═══ RECORDS TO USE

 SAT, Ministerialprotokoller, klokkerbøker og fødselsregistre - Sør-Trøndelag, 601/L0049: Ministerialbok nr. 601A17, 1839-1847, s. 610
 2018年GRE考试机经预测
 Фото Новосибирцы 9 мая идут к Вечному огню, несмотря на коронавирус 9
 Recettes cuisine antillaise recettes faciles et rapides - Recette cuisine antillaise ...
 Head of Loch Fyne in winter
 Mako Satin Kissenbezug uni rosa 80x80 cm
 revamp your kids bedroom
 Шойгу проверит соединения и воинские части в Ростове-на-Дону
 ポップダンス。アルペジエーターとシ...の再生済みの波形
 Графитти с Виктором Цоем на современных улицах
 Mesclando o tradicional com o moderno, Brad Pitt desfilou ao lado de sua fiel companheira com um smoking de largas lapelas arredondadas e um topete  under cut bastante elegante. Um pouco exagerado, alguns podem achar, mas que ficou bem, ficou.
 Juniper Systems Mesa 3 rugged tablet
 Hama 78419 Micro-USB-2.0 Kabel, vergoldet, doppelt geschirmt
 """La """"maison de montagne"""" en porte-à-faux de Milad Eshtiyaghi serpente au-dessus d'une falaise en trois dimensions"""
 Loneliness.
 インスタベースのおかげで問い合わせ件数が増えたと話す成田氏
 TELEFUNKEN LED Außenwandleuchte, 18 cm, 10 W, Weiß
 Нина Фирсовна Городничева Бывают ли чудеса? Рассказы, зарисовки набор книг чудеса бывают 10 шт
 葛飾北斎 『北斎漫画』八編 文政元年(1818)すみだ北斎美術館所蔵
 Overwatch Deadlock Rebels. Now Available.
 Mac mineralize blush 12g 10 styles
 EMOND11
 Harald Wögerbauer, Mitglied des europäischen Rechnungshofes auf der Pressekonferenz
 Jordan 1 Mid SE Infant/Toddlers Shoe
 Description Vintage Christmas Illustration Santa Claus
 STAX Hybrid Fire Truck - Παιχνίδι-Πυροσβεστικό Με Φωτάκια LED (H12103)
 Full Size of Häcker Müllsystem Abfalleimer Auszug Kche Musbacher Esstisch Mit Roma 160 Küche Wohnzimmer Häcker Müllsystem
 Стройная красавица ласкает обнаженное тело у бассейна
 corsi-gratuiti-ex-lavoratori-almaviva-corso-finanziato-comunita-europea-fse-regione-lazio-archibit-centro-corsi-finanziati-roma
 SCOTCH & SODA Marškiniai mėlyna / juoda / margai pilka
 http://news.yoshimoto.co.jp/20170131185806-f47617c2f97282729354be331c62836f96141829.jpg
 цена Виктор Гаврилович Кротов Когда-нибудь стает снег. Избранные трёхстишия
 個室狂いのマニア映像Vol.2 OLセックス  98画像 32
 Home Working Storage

══════

[REQUIRED WORK] The required answer is the line with "Loneliness." plus every line after it to the end of the entries above, transcribed exactly.

[RESULT OF THIS EXERCISE]
 Loneliness.
 インスタベースのおかげで問い合わせ件数が増えたと話す成田氏
 TELEFUNKEN LED Außenwandleuchte, 18 cm, 10 W, Weiß
 Нина Фирсовна Городничева Бывают ли чудеса? Рассказы, зарисовки набор книг чудеса бывают 10 шт
 葛飾北斎 『北斎漫画』八編 文政元年(1818)すみだ北斎美術館所蔵
 Overwatch Deadlock Rebels. Now Available.
 Mac mineralize blush 12g 10 styles
 EMOND11
 Harald Wögerbauer, Mitglied des europäischen Rechnungshofes auf der Pressekonferenz
 Jordan 1 Mid SE Infant/Toddlers Shoe
 Description Vintage Christmas Illustration Santa Claus
 STAX Hybrid Fire Truck - Παιχνίδι-Πυροσβεστικό Με Φωτάκια LED (H12103)
 Full Size of Häcker Müllsystem Abfalleimer Auszug Kche Musbacher Esstisch Mit Roma 160 Küche Wohnzimmer Häcker Müllsystem
 Стройная красавица ласкает обнаженное тело у бассейна
 corsi-gratuiti-ex-lavoratori-almaviva-corso-finanziato-comunita-europea-fse-regione-lazio-archibit-centro-corsi-finanziati-roma
 SCOTCH & SODA Marškiniai mėlyna / juoda / margai pilka
 http://news.yoshimoto.co.jp/20170131185806-f47617c2f97282729354be331c62836f96141829.jpg
 цена Виктор Гаврилович Кротов Когда-нибудь стает снег. Избранные трёхстишия
 個室狂いのマニア映像Vol.2 OLセックス  98画像 32
 Home Working Storage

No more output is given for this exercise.